Suppose for a moment that you throw darts at a dartboard occasionally, and want to know ahead of time the most likely place for your darts to go when you are aiming at a particular spot. Assuming you are not a professional, this could be a fairly large patch. With that in mind, let us now take a journey through one of my other self-refocussing exercises that turned out to be useful.
Where is the center of the three darts thrown? That’s pretty easy: take the average of the points, which means take the average of the x-values, and of the y-values, and plot that as another point:
More darts just means more points on the graph, but doesn’t really change any of the math, so we’ll go on. If we considered the average of the points as the center of a circle with the radius reaching to the farthest point, what would that circle look like?
Great! Now we know that of the darts thrown, all of them landed in that circle. True, yes, useful…not so much. What if had kept track of more darts and wanted to know where “most” of them went? That question is just a little bit more interesting.

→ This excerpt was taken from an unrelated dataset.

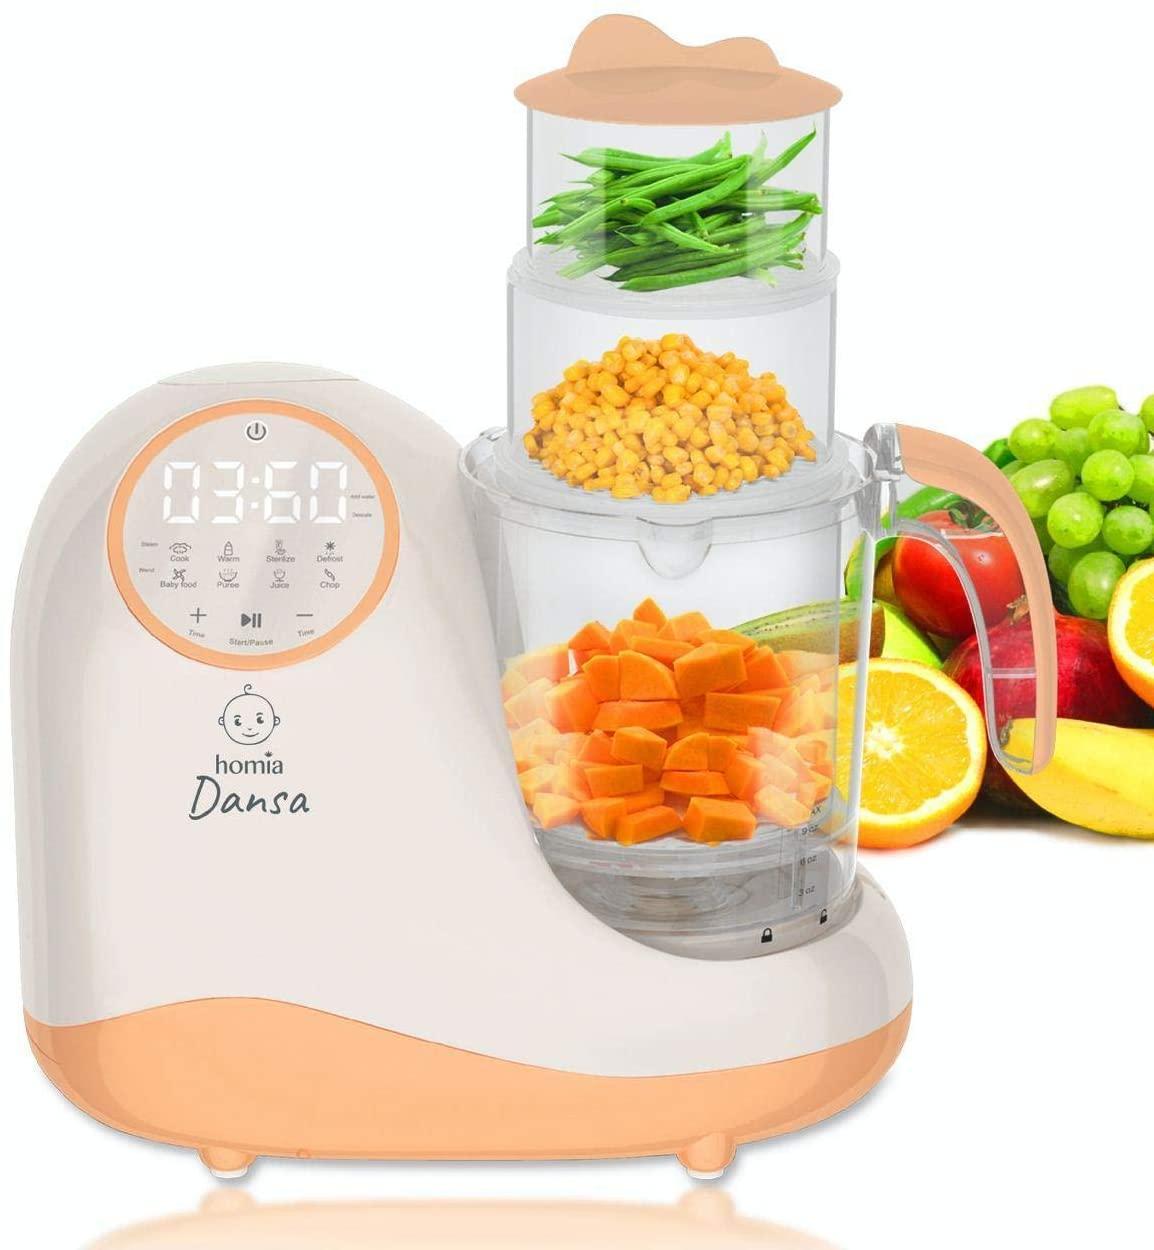 Homia Dansa 8-in-1 Baby Food Maker

Let’s start with a bunch of (made up, but work with me for a bit here) thrown darts in orange, and the average of them marked in blue:
Points |
---|
(-2.2,4.1) |
(-1.1,2.1) |
(-0.5,0.7) |
(-2.5,-3.1) |
(-0.3,-3.5) |
(2.2,3.8) |
(2.4,1.8) |
(3.8,-0.4) |
(3.2,-1.8) |
Average=(0.6,0.4) |
The question now is how far away is the farthest point? Sadly, the easiest way to find it is to calculate the distance for each point from center.
Points | Distance |
---|---|
(-2.2,4.1) | 4.7 |
(-1.1,2.1) | 2.4 |
(-0.5,0.7) | 1.1 |
(-2.5,-3.1) | 4.7 |
(-0.3,-3.5) | 4 |
(2.2,3.8) | 3.8 |
(2.4,1.8) | 2.3 |
(3.8,-0.4) | 3.3 |
(3.2,-1.8) | 3.4 |
Average=(0.6,0.4) | Maximum=4.7 |
Since I’m not really sure what to do next, let’s repeat ourselves for a moment and consider taking another average. Let’s add up the distances for each of the $x$ and $y$ values from our center point and find the averages of those, and that will at least tell us whether my aim is better up-and-down or left-to-right. Since I’m not really sure what to call this average distance, I’ll just pick a random letter $\sigma$ and use that. Since we have two distances, one left-right and the other up-down, let’s subscript the $\sigma$ as $\sigma_x, \sigma_y$ so we know which one is which.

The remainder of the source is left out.